Results 1 to 14 of 14
  1. #1
    Join Date
    Nov 2010
    Posts
    25

    Unanswered: IN clause and subqueries

    Hello!

    Faced with the following issue.
    Let's say we got a query:
    Code:
    SELECT * FROM main_table WHERE string_column IN ('a','b','c');
    It works instantaneous.

    Let's say we got a table sub_table with a string row containing the same 'a','b','c' values.
    The following query takes forever to finish:
    Code:
    SELECT * FROM main_table WHERE string_column IN (SELECT string_column FROM sub_table)
    Table main_table contains about 3m rows.

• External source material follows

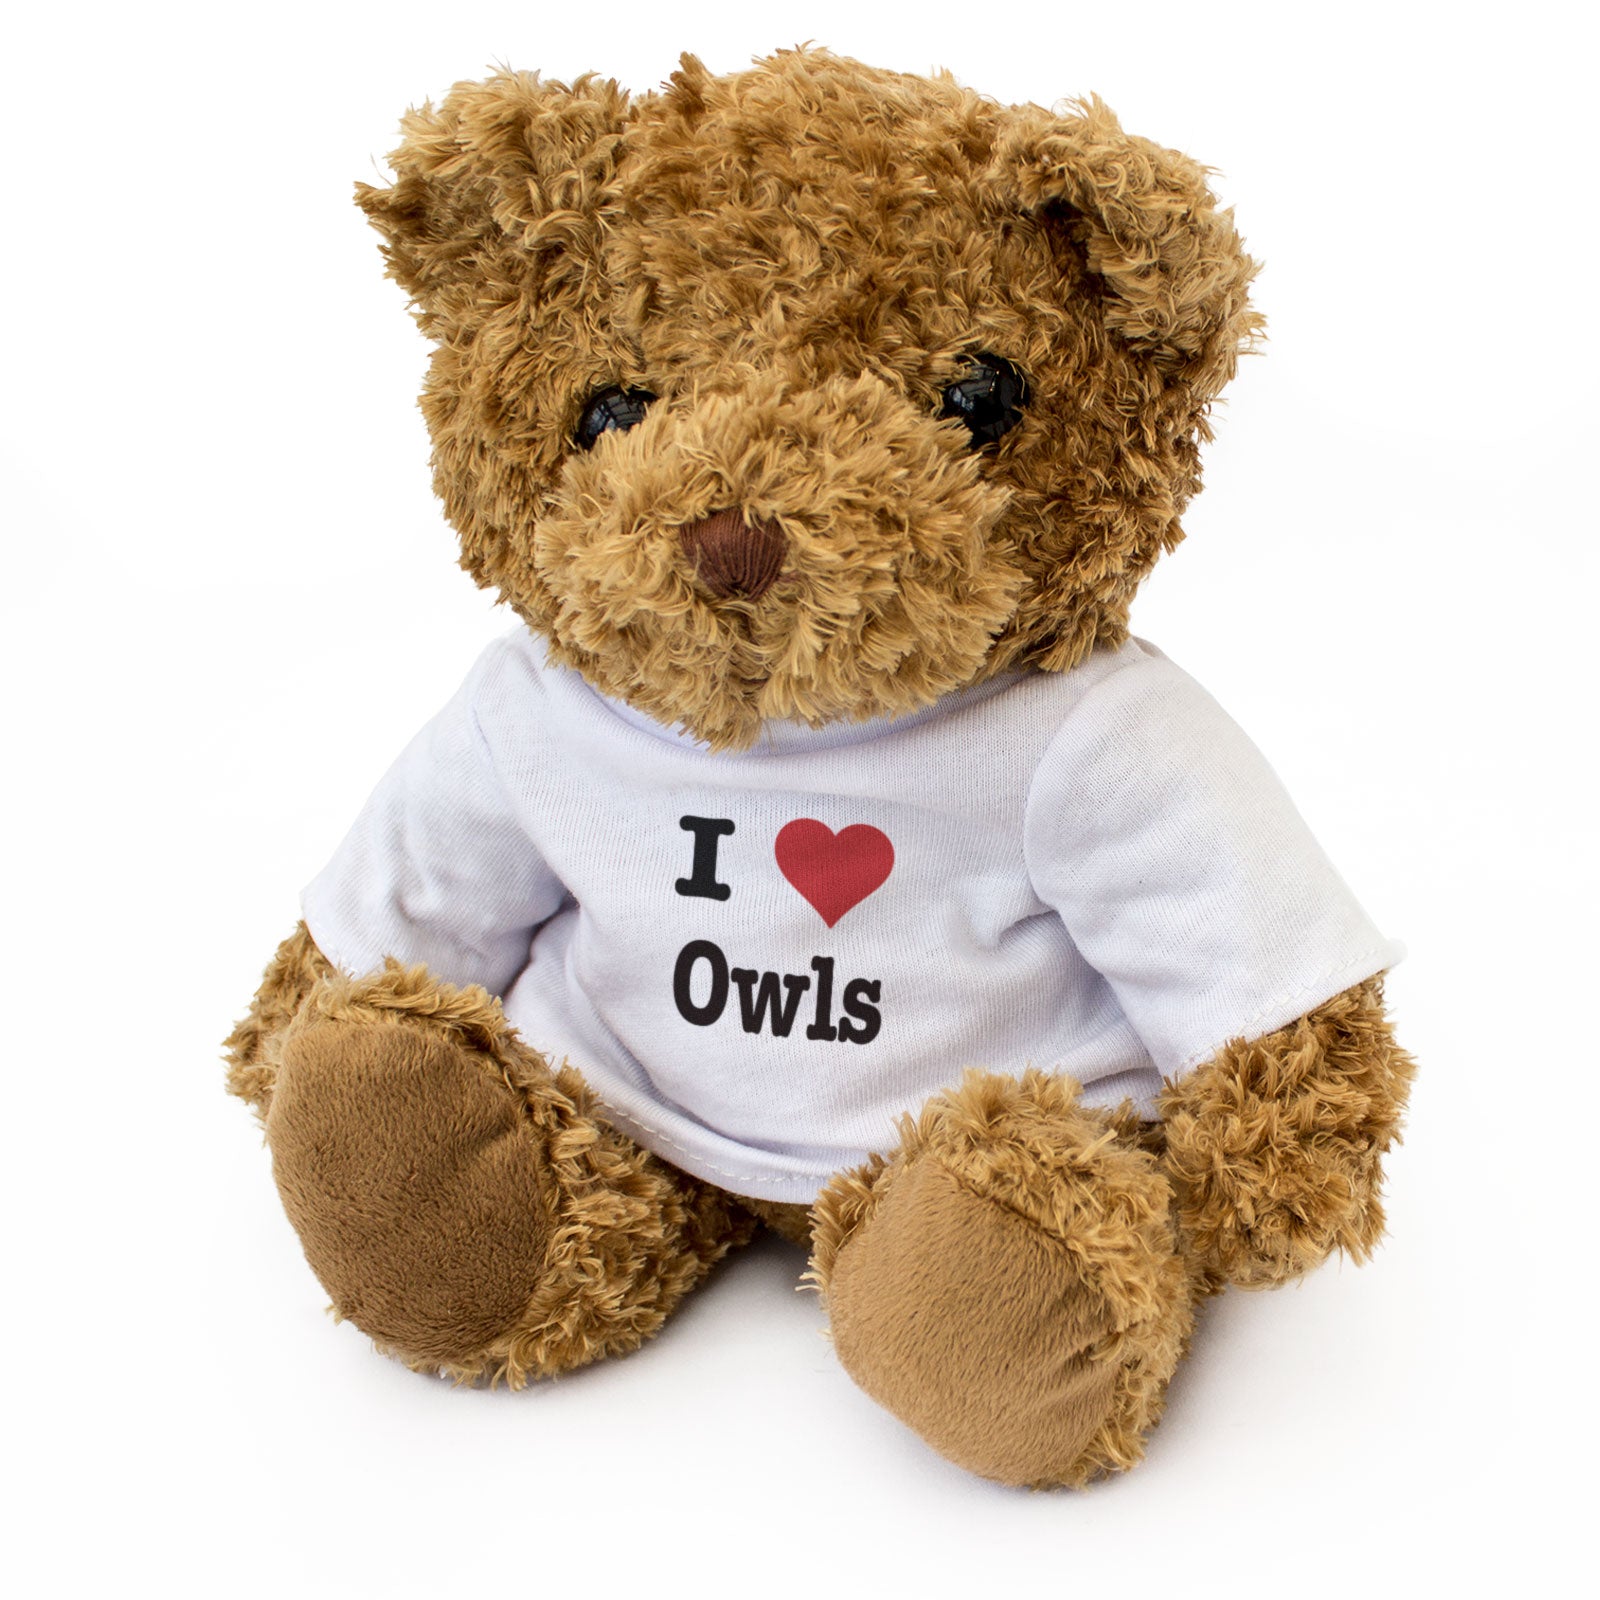 I Love Owls - Teddy Bear

    Any suggestions why the latter is so slow?

  2. #2
    Join Date
    Apr 2002
    Location
    Toronto, Canada
    Posts
    20,002
    Quote Originally Posted by tedd View Post
    Any suggestions why the latter is so slow?
    because it uses a subquery and not a join
    Code:
    SELECT something
         , anything
         , just_not_the_dreaded_evil_select_star 
      FROM main_table 
    INNER
      JOIN sub_table
        ON subtable.string_column = main_table.string_column
    you'd better have an index on both string_columns

    rudy.ca | @rudydotca
    Buy my SitePoint book: Simply SQL

  3. #3
    Join Date
    Nov 2010
    Posts
    25
    I thought that the latter query should work like that:
    1. Execute the subquery, get all values from the sub_table and feed them to the main query
    2. After p1, the query would be effectively like the first query with plain IN.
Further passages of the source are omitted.